Таифа поднесла к Манефе раскрытый Пролог… Указав казначее на строки, она велела их читать громогласно.

– «И рече преподобный Памва ученику своему, – нараспев стала Таифа читать, – се убо глаголю, чадо, яко приидут дние, внегда расказят иноцы книги, загладят отеческая жития и преподобных мужей предания, пишуще тропари и еллинская писания. Сего ради отцы реша: “Не пишите доброю грамотою, в пустыни живущие, словес на кожаных хартиях, хощет бо последний род загладити жития святых отец и писати по своему хотению”».

– Разве не исполнилось? – задрожавшим от страстного волнения голосом спросила Манефа, пламенными очами обводя предстоявших. – Не сбылось разве проречение преподобного?..

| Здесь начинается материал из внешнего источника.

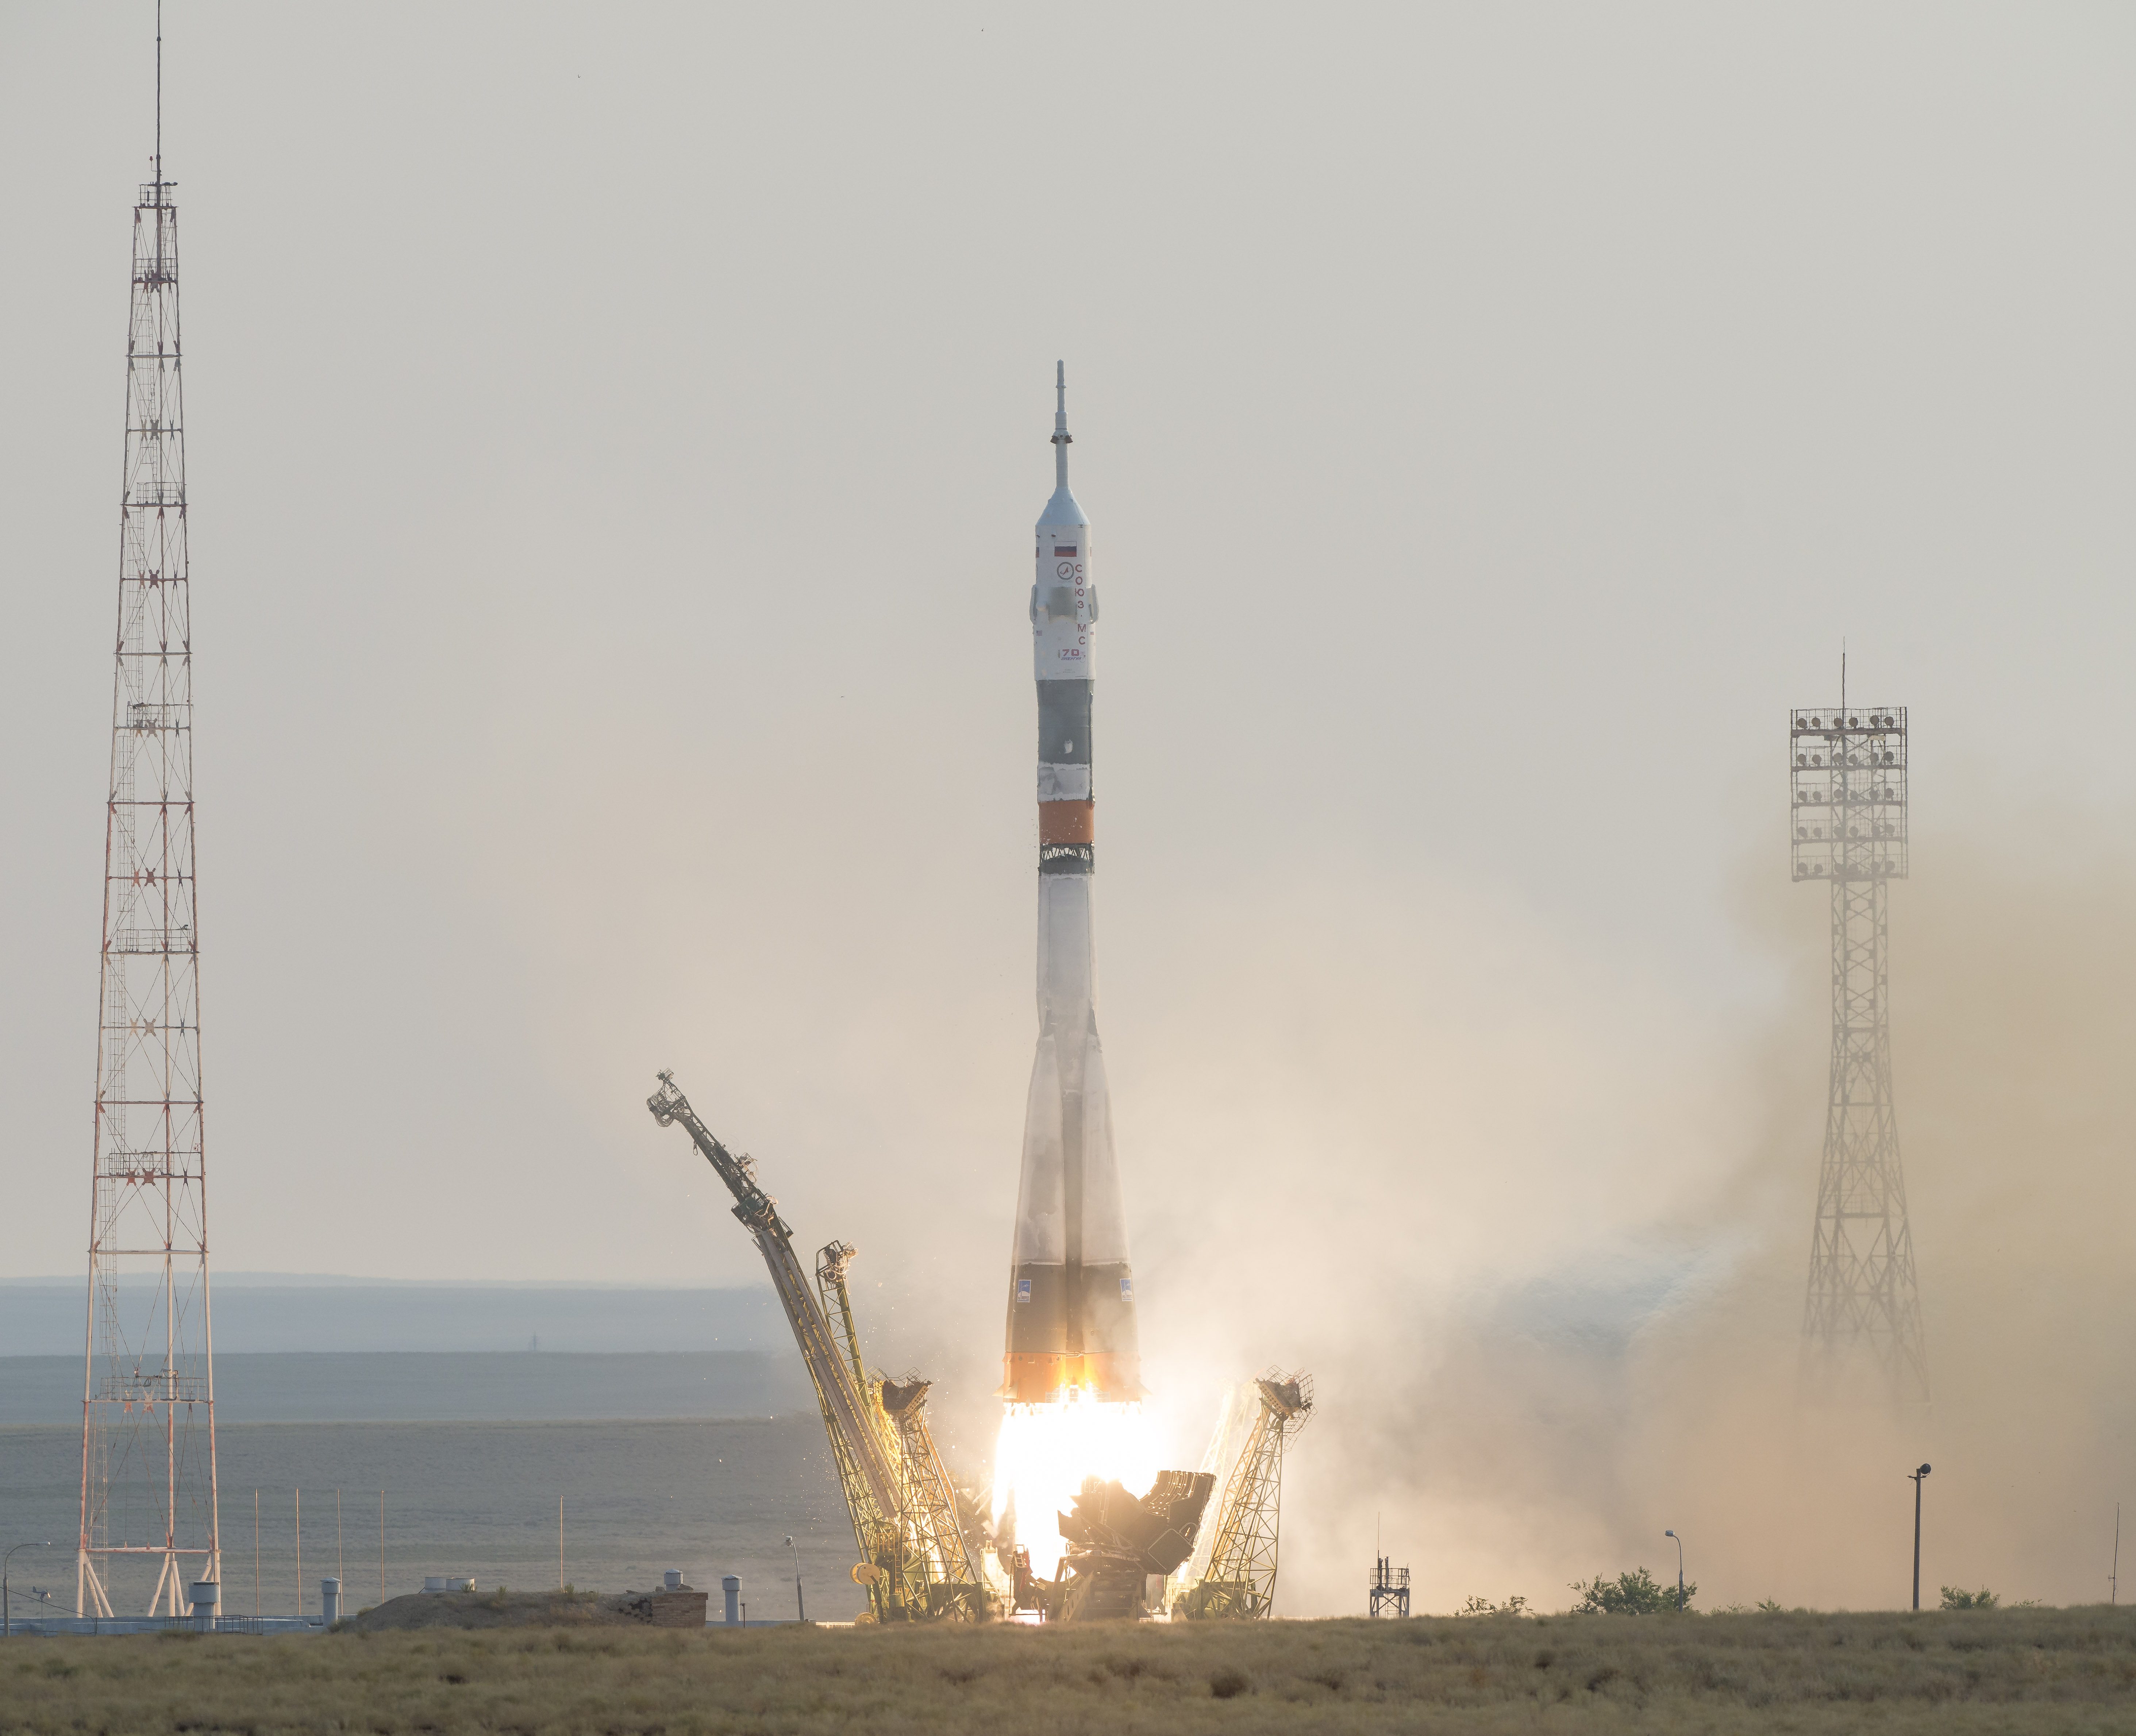 Expedition 48 Launch
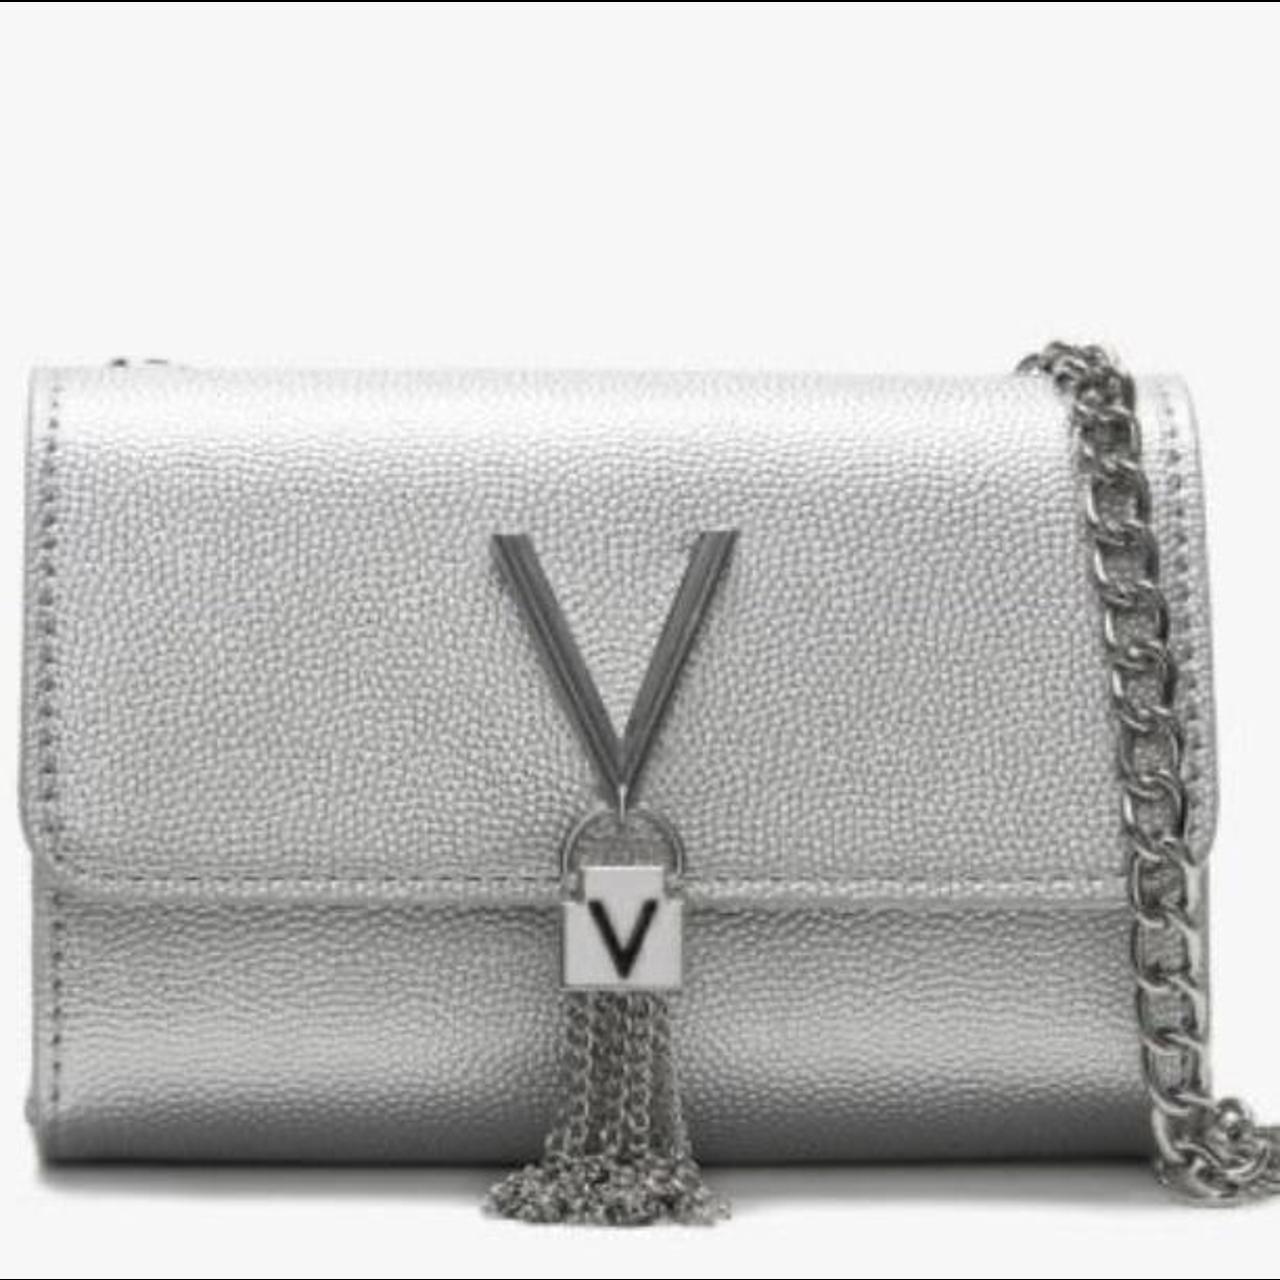 Selling this silver Valentino bag, in perfect... - Depop

178Так в дониконовских книгах. Ныне поется: «Понтом покрыв
179За великой вечерней в Троицын день три молитвы, читаемые священником, старообрядцы слушают не стоя на коленях, как это делается в православных церквах, а лежа ниц, причем подкладывают под лицо цветы или березовые ветки. Это называется «лежать на листу».
180Ляд – тунеядец, в некоторых местностях – нечистый дух, в верховьях Волги – хлыст, принадлежащий к ереси божьих людей.
181Липа – уменьшительное Олимпиады, Груша – Агриппины, или, по просторечию, Аграфены.
182Круг (церковный) – устав службы на весь год.
183Самогласен – церковная песнь, имеющая свой особый напев.
184Особые церковные песни за всенощными, во время пения которых позволяется сидеть.
185У старообрядцев, а также и в среде приволжского простонародья держится поверье, что во время троицкой вечерни надо столько плакать о грехах своих, чтобы на каждый листочек, на каждый лепесток цветов, что держат в руках, капнуло хоть по одной слезинке. Эти слезы в скитах зовутся «роса благодати». Об этой-то «росе благодати», говорили, там и в троицкой псальме поется.
186Силуян – игумен Верхнего Преображенского монастыря в Иргизе, сдавший его единоверцам в 1842 году.
187Курени, или Куреневский – раскольничий скит в Юго-Западном крае. Извод – редакция, а также место происхождения или указание на место происхождения.
188Так раскольники зовут единоверцев.